Logical; if TRUE, removes patterns consisting only of uppercase letters (2 or more characters) from regex_table.

do_clean_text

Logical; if TRUE, applies basic text cleaning to the input before matching.

unique_match

Logical; if TRUE, stops searching after the first match to find at most one match per row (evaluated in the order patterns appear in regex_table). If FALSE, returns all matches for all patterns.

use_ner

Logical; if TRUE, uses the 'spacyr' package to validate that matches are actual Named Entities (e.g., organizations). Note: spacyr must be initialized (e.g., via spacyr::spacy_initialize()) before calling this function.

ner_timing

Character string; either "after" or "before". If "after" (default), regex matches are found first, then validated with NER. If "before", NER extracts entities first, and regex searches only within those entities.

ner_entity_types

Character vector; the types of Named Entities to keep if use_ner is TRUE. Default is "ORG".

verbose

Logical; if TRUE, displays progress messages.

cl

A cluster object created by parallel::makeCluster(), or an integer to indicate number of child processes (integer values are ignored on Windows). Passed to pbapply::pblapply().

Details

Pattern matching is performed using R's regular expression engine and is case-insensitive by default. For each input row, the function checks patterns in regex_table and returns matches based on the unique_match parameter.

Value

A tibble with the following columns:

  • row_id: Integer identifier corresponding to rows in the input data.

  • Additional columns from data if data_return_cols is specified.

  • Additional columns from regex_table if regex_return_cols is specified.

  • pattern: The matched regular expression pattern(s).

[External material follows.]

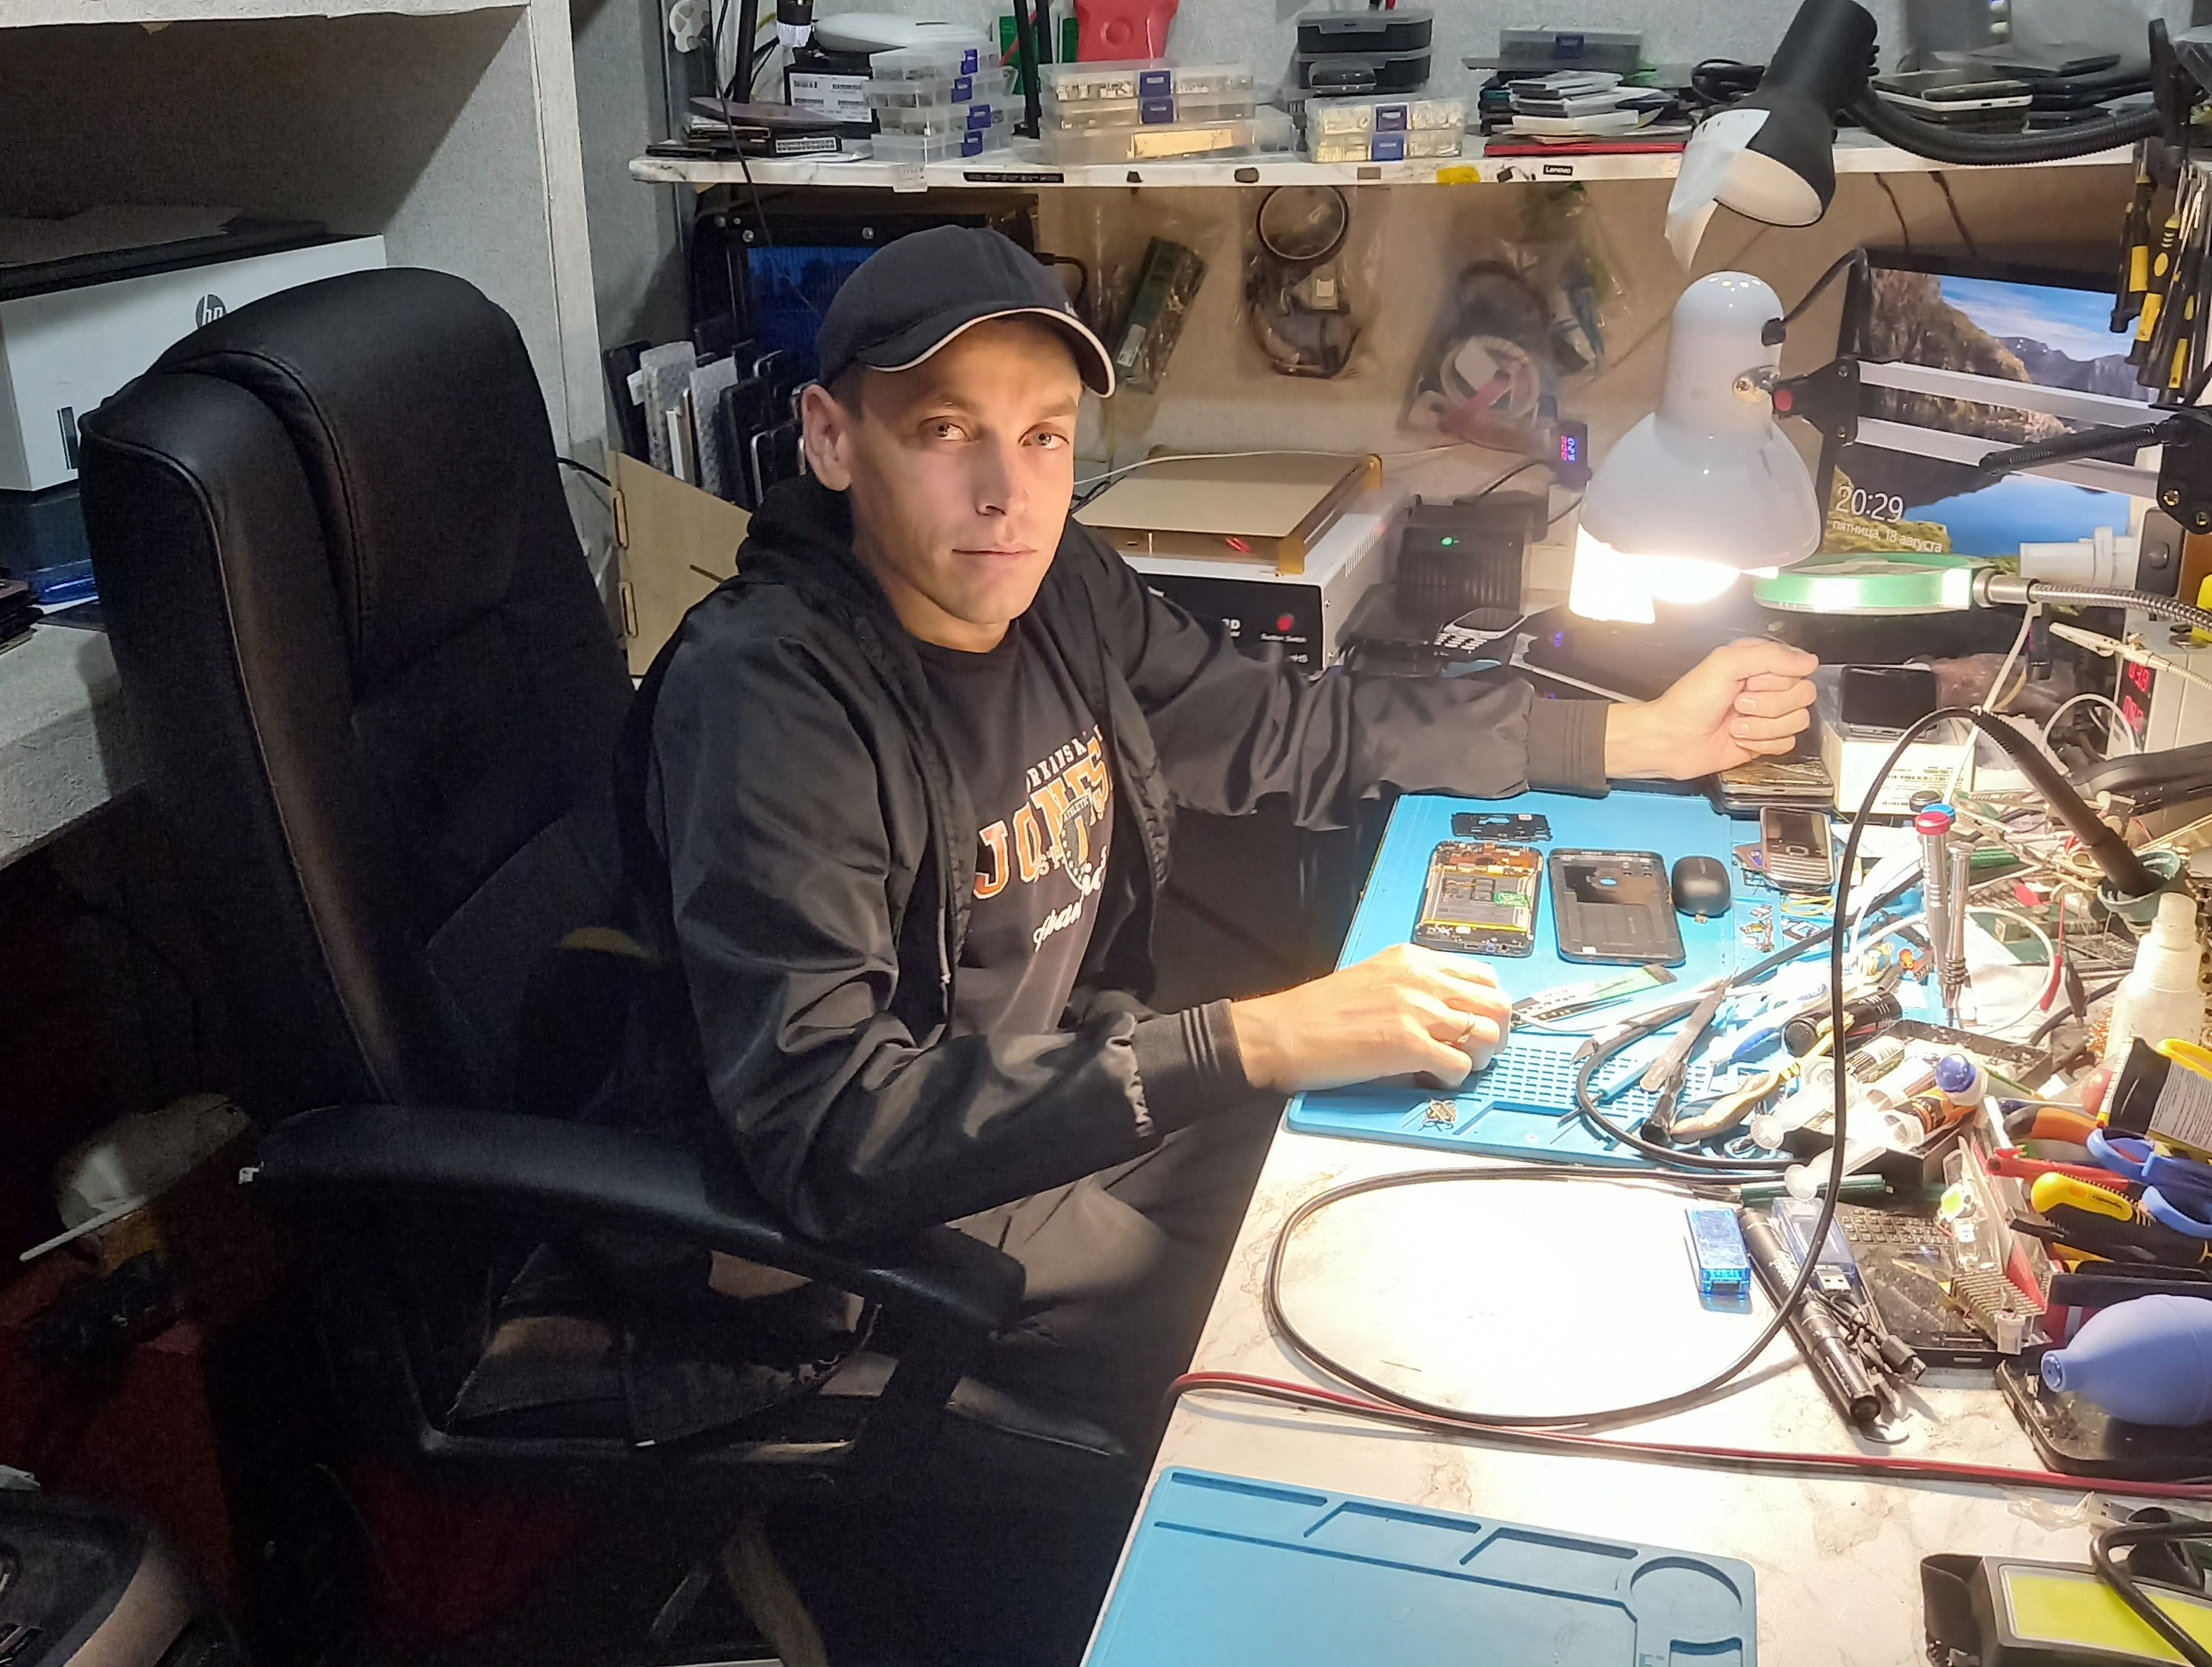 A man in a black shirt and cap sits at a desk where he assembles and disassembles a cell phone under a light.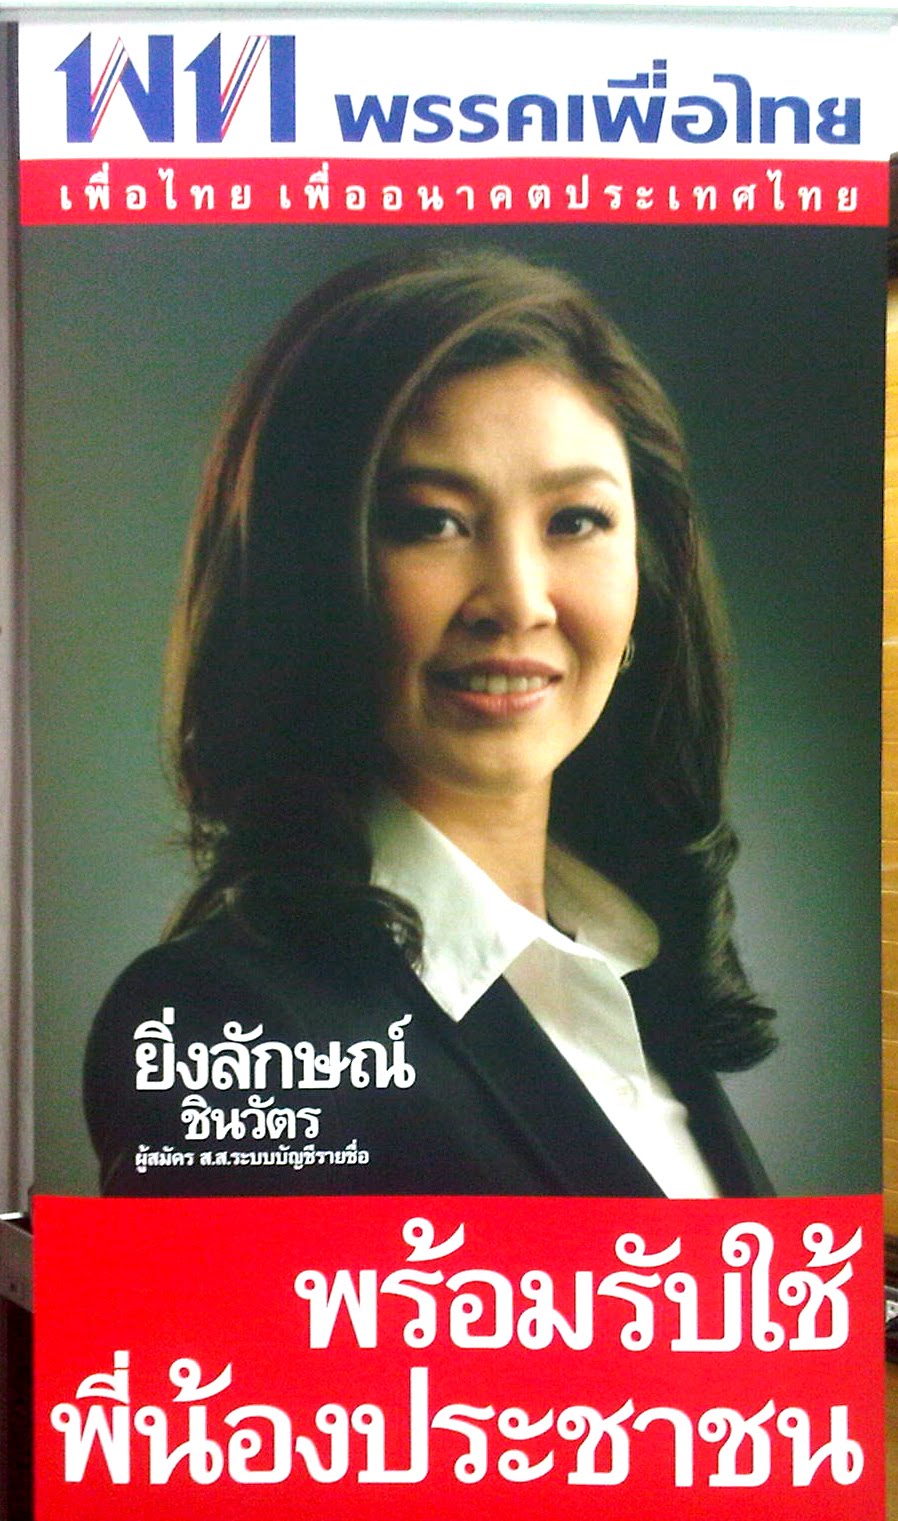 Yingluck Shinawatra First Female Prime Minister of Thailand

  • match: The extracted text from the data (original casing preserved).

Examples

# Create sample data
data <- data.frame(
  id = 1:3,
  text = c("I love apples", "Bananas are great", "Oranges and apples"),
  stringsAsFactors = FALSE
)

# Create regex patterns
patterns <- data.frame(
  pattern = c("apples", "bananas", "oranges"),
  category = c("fruit", "fruit", "fruit")
)

# Extract all matches
extract(data, patterns)

# Extract one match per row
extract(data, patterns, unique_match = TRUE)

members dataset

Description

Lookup table of member names and metadata for regex matching.

Format

A tibble with 9 columns:

congress

Congress number (numeric)

chamber

Chamber (House/President/Senate)

bioname

Full bio name of the member

pattern

Regex pattern to match this member's name

icpsr

Numeric ICPSR identifier

state_abbrev

Two-letter state abbreviation

district_code

District number (0 for President)

first_name

First name of the member

last_name

Last name of the member

Source

Generated for the regextable package.